Итак, я покинул город. Или город покинул меня, выпрыгнул из вагона поезда, проходящего через пустыню. Там и остался. В пустыне. А может, все еще бредет по шпалам, пытаясь догнать тот поезд. Но тщетно! Поезда движутся быстрее, чем города, но медленнее, чем усатые дядьки, бегущие впереди печально известного локомотива. Однако город перемещается в пространстве все же быстрее, чем караван. Поэтому, когда по городу шли верблюды, он умудрился с такой бешеной скоростью выскользнуть у них из-под ног, что типовые девятиэтажки даже не поцарапали их рыжие животы, покрытые свалявшейся шерстью.

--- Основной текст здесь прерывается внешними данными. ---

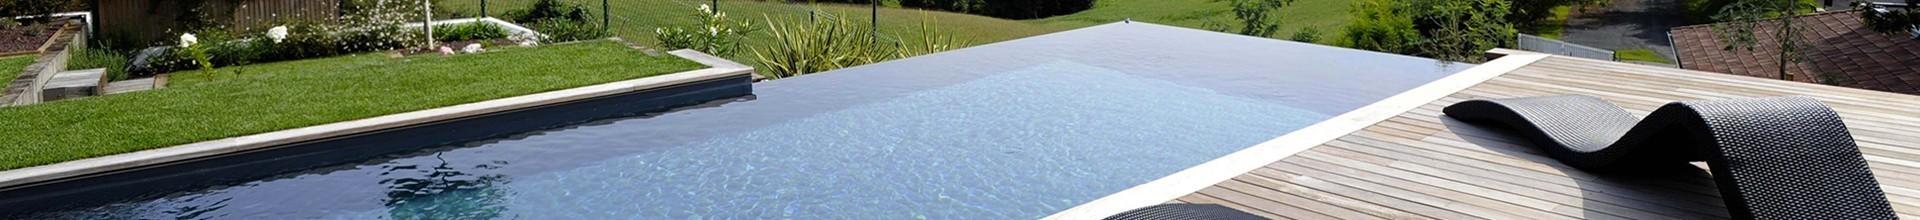 Direct usine, piscine coque prix Bourgogne Franche Comté
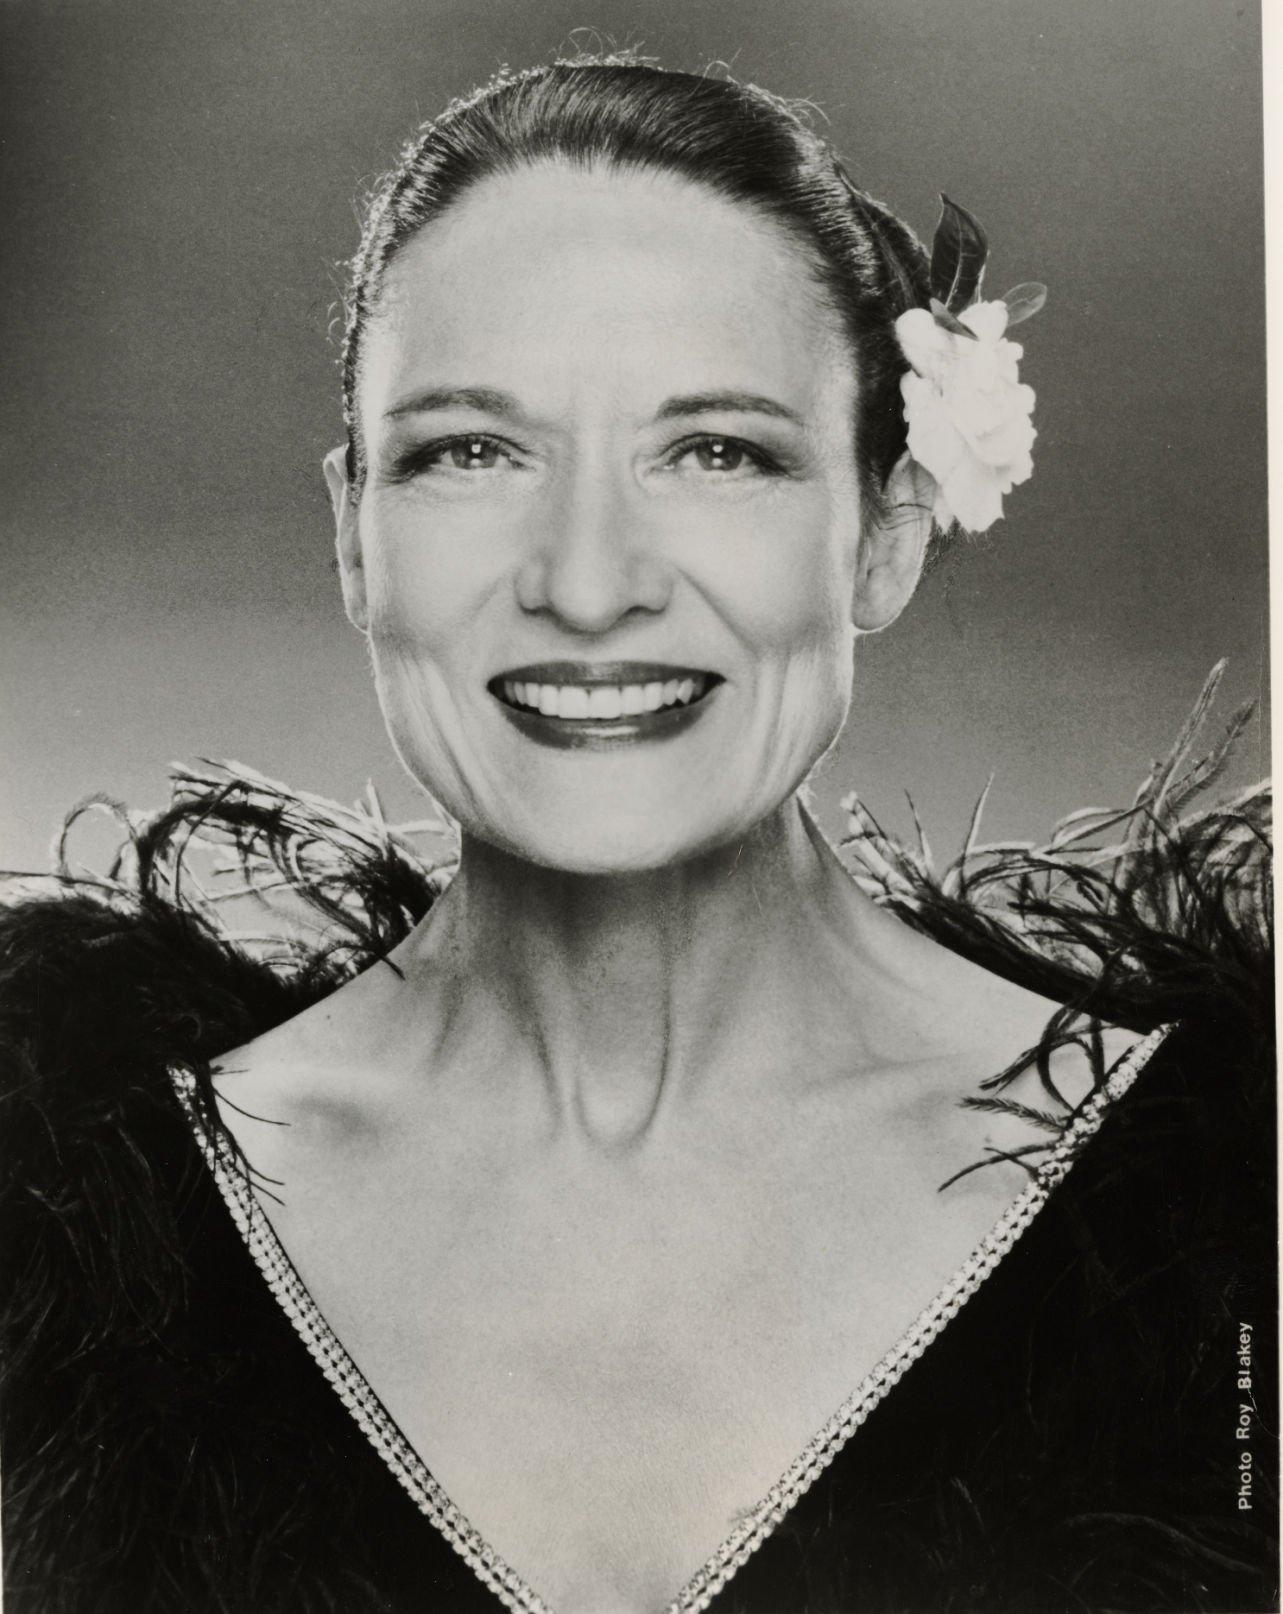 Vivian Vance images

Как раз в такой типовой девятиэтажке мы и жили. Стояла она приплюснутой буквой «Покой», упираясь в тот самый канал, по которому каждый день (или несколько раз в день) проплывал на расписной ладье властелин города и окружающей город пустыни. А за расписной ладьей плыли всевозможные хищники: клопы-гладыши, змеи, крокодилы, драконы — и все с автоматами Калашникова. На мраморную набережную канала, усаженную развесистыми мхами и лишайниками, выходили окна нашей квартиры. В первом этаже. Поэтому виноград оплетал наши окна и помахивал нам липкими зелеными ладошками, шевелил залихватскими нежно-зелеными усиками, не догадываясь, к стыду своему, что из него можно делать вино. А вина в городе никто не пил. Оно казалось слишком грубым для жителей города. Жители города питались исключительно нектаром и амброзией. Эту моду, закрепившуюся на многие тысячелетия, завез к нам великий завоеватель, двурогий полководец, питавшийся, однако же, исключительно росой с полынных стебельков. Это была скорее всего полынь горькая. А еще под нашими окнами росли одуванчики. Кашка. Сурепка. Лебеда. Клевер. Птичий горец. Люцерна. Цветы клевера и кашки очень любили черепахи, обитавшие в городе. Цветами сурепки их кормить боялись, думали, что черепахи от них слепнут. А кому нужны слепые черепахи?
В квартире, на балконе, у окна, ежедневно лицезревшего передвижение владыки города и прилегающей к городу пустыни, росли кактусы. Кактусам не хватало света, отчего они вырастали длинные-длинные и проламывали потолок балкона. Сначала сыпалась побелка. Потом бетон. Потом соседская пыль. Под конец сыпалась афганская ругань. Над нами жили афганцы. Или турки. Или и то и другое одновременно. А может, никто и не жил. Иногда текла на нас чья-то вода. Много воды. Значит, вода была бесхозная. Зато потолок покрывался желтыми пятнами и оранжевыми пузырями. Такое происходило в самой большой комнате, где на подоконнике стоял аквариум с парочкой тритонов. До тритонов в аквариуме жила раковина-беззубка, которая съела маленького сомика. А до сомика в аквариуме жили черные рыбы-телескопы. Но они умерли. Самец умер. Вдовец. Еще раньше умерла самка. А до телескопов аквариум был сухой и вмещал в себя двадцать литров воздуха, которым дышала морская свинка Роза, захлебнувшаяся в собственном счастье. А до Розы — белый хомячок Хуан-Мануэль. Белый с красными глазами. Наверное, он был самкой, хоть и носил мужское имя из низкопробного мексиканского телесериала. А до Хуан-Мануэля снова была вода, где плавали между кустиками роголистника неприхотливые гуппи. Гупешки. Как ни странно, и они умерли. А еще раньше аквариума вообще не было.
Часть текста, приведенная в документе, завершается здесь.